Tips on keeping your gardening resolutions
You've decided to improve your landscape in 2008, but you don't know how. Here are a few ideas to get you started:
• Go vertical. It's amazing how the addition of a few vertical accents makes a landscape much more interesting. An arbor or obelisk covered with vines, for example, adds a new dimension. For a striking exclamation point, plant a tall, narrow evergreen, such as Taylor juniper or Green Arrow falsecypress (Chamaecyparis).
• Try for an exuberant mixture of foliage. As our mixed plantings of evergreens and deciduous trees mature, we've been amazed at the pleasure we get from looking at the contrasting leaf shapes and shades of green of the trees.
Closer to the ground, the same thing happens with ornamental grasses and perennials when plants that have leaves of different sizes, shapes and colors pair up. The combination of a lacy-leaf fern and a narrow-leaf, colorful grass, for example, creates a pretty picture throughout the growing season.
• Plan a color scheme. An easy way to create a beautiful flower border is to limit yourself to plants that bloom in different shades of the same basic color, such as all reds or all pinks. Complementary colors, like purple and yellow, also work well. For pure elegance, you can't beat green and white.
• Give up the battle if grass won't grow. In difficult spots like under trees, shade-loving groundcover plants are easier to grow and look prettier, too. Plus, trees grow better when not forced to compete with grass. If you haven't tried groundcover plants yet, start with red barrenwort (Epimedium x rubrum) or Herman's Pride yellow archangel (Lamiastrum galeobdolon). I'm betting you'll soon be hooked and ready to discover the dozens of other great groundcovers that thrive in the Midwest.

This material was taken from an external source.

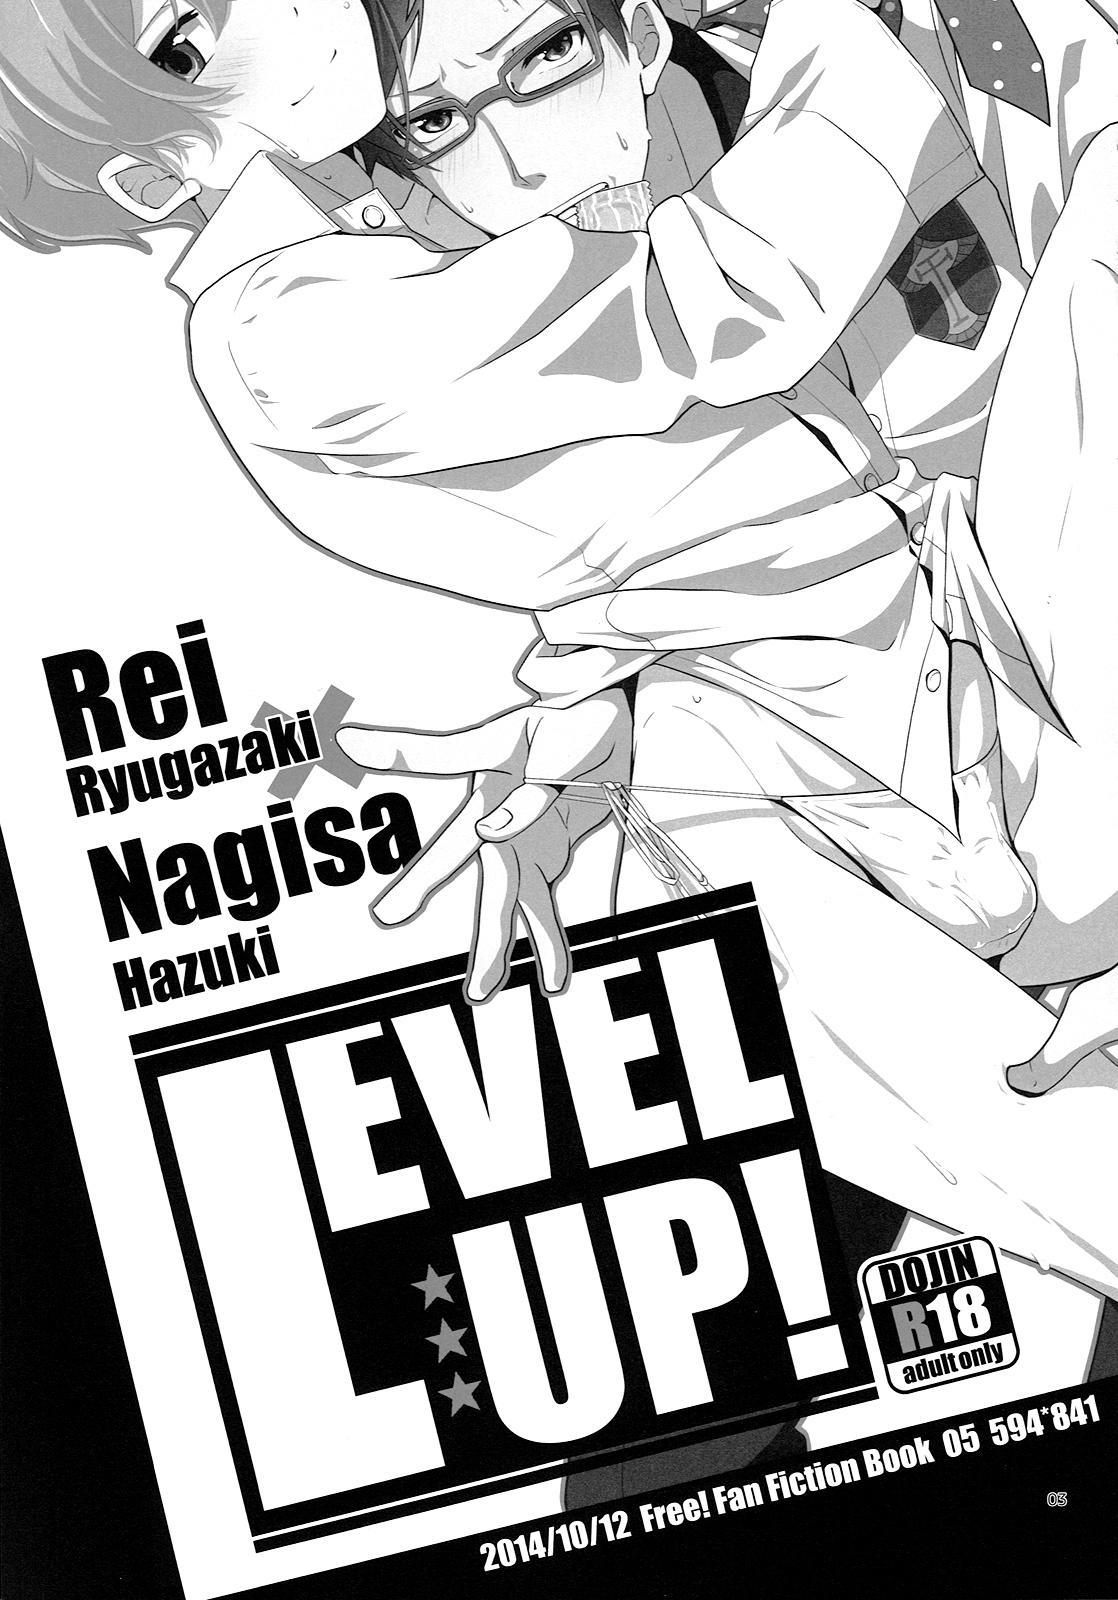 LEVEL UP! 2

• Dress up your retaining wall. To turn a bare wall into a landscape asset, plant at the top cascading perennials such as Blue Waterfall bellflower (Campanula poscharskyana) or creeping phlox. Consider also adding some woody plants that will drape over the edge. Some good candidates include Tom Thumb creeping cotoneaster, creeping juniper and wintercreeper (Euonymus fortunei). Or add small shrubs at the base of the wall.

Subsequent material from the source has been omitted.